L’individuazione della genesi delle cessioni e delle prestazioni poste in essere nei confronti degli esportatori abituale è fondamentale, come sottolineato da Assonime nella circolare n. 20 del 17.09.2018, per determinare il trattamento impositivo applicabile nel caso in cui al fornitore venga manifestata, esplicitamente o per comportamento concludente, l’intenzione di non avvalersi più della facoltà di acquistare beni/servizi senza applicazione dell’Iva.

Prima di approfondire tale ipotesi, è opportuno ricordare che la genesi delle operazioni effettuate a favore degli esportatori abituali assume rilevanza anche nel caso in cui la dichiarazione d’intento sia mendace.

In questa evenienza, il cessionario/committente non ha diritto di acquistare i beni/servizi senza applicazione dell’imposta, in quanto l’operazione mantiene ab origine la qualifica di operazione imponibile, essendo il passaggio alla non imponibilità collegato allo status di esportatore abituale dell’acquirente e, dunque, alla corretta emissione e presentazione della dichiarazione d’intento.

Tenuto conto che la dichiarazione d’intento è da intendere come un atto fiscalmente rilevante ed, in quanto tale, ritrattabile dal cessionario/committente, la rimozione del vizio che esclude la non imponibilità fa sì che l’operazione ridiventi imponibile.

Nella situazione in esame, il cedente/prestatore è obbligato, secondo la regola generale dell’articolo 17, comma 1, D.P.R. 633/1972, all’applicazione dell’imposta mediante nota di variazione in aumento a carico del cessionario/committente e, inoltre, al cessionario/committente che abbia rettificato la dichiarazione d’intenti non si applica la sanzione proporzionale, dal 100 al 200% dell’imposta, siccome è stato eliminato completamente il rischio di perdita erariale (Cass. n. 8362/2002).

Passando all’ipotesi in cui l’esportatore abituale non intenda più avvalersi della facoltà di acquistare beni/servizi senza Iva, in altro precedente intervento è stato evidenziato:

  • da un lato, che l’esportatore abituale può revocare la dichiarazione d’intento, senza che sia previsto a tal fine un modello specifico e un obbligo di comunicazione all’Agenzia delle Entrate,
  • e, dall’altro, che, a seguito della revoca, il cedente/prestatore deve emettere fattura con addebito dell’Iva.

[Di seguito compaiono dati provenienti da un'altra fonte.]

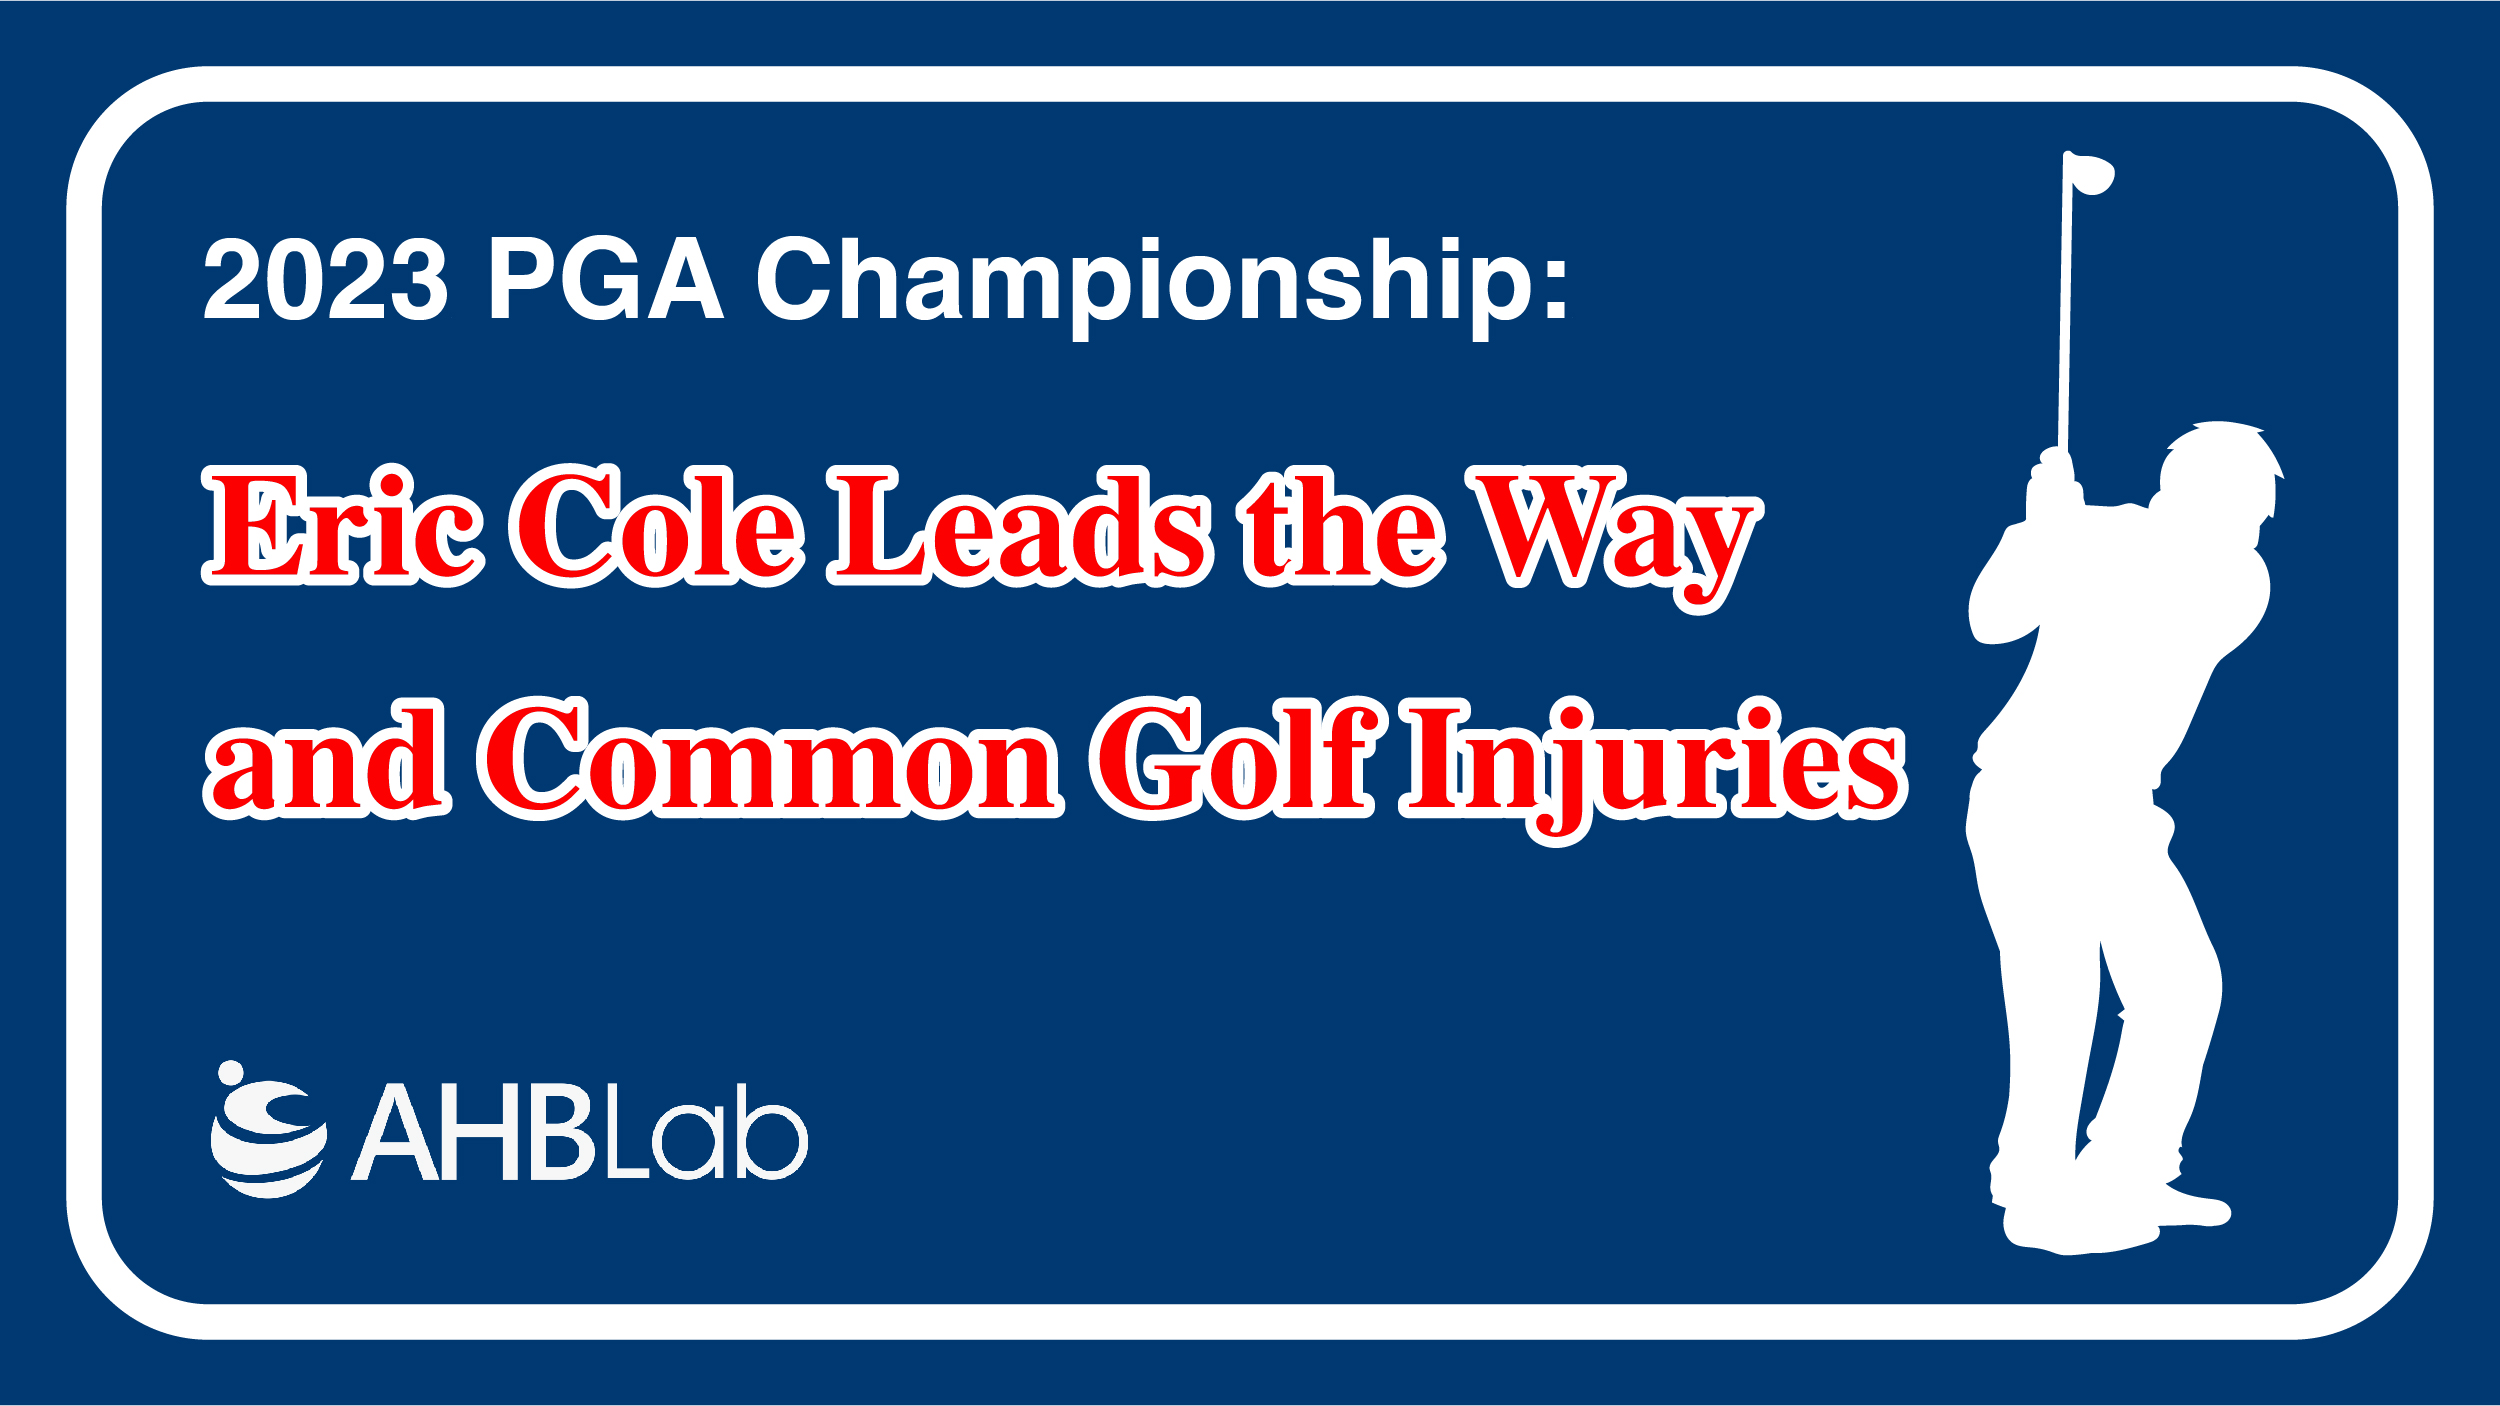 Eric Cole Leads the Way and Common Golf Injuries

Tali conclusione sono state confermate dall’Agenzia delle Entrate nella consulenza giuridica n. 954-6/2018 dell’11 luglio 2018 e sono allineate alle indicazioni fornite dalla Corte di Cassazione con la sentenza n. 5174/2018, secondo cui, “qualora la dichiarazione venga revocata, l’effetto esonerativo cessa immediatamente – o quantomeno dal momento in cui essa è portata a conoscenza – e la fatturazione che venga emessa in un momento successivo deve necessariamente tenerne conto, restando l’intera operazione soggetta al regime ordinario.

Costituisce regola generale, del resto, che le operazioni economiche sono imponibili, sicché la mancanza di alcuna delle condizioni che legittimano il regime di esenzione comporta necessariamente la piena riattivazione della regola generale, non potendosi considerare logicamente estendibile – oltre che inammissibile, in quanto risultato di analogia – l’applicazione dei requisiti richiesti per la piena efficacia della dichiarazione d’intenti all’opposta situazione”.

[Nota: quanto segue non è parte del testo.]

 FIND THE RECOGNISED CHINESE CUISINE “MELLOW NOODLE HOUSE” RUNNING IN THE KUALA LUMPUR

L’Agenzia delle Entrate, nel documento richiamato, ha ulteriormente aggiunto che, “il cessionario può manifestare al cedente la volontà di non avvalersi dell’utilizzo del plafond anche per alcune operazioni, senza per questo revocare del tutto la dichiarazione d’intento presentata” e, inoltre, “il cliente/esportatore abituale, che non intenda avvalersi della facoltà di acquistare beni e servizi senza l’applicazione dell’IVA, e, dunque, dell’utilizzo del plafond, possa esprimere tale volontà non necessariamente attraverso una manifestazione espressa, ma anche attraverso comportamenti concludenti.

Significativo in tal senso è, ad esempio, il pagamento dell’Iva addebitata in rivalsa da parte del cedente/prestatore e l’esercizio del diritto alla detrazione”.

È il caso di osservare che la detrazione è ammessa al di fuori di un contesto di frode, nel qual caso la disposizione dell’articolo 6, comma 6, DLgs. 471/1997, novellata dalla Legge di Bilancio 2018, renderebbe indetraibile l’imposta.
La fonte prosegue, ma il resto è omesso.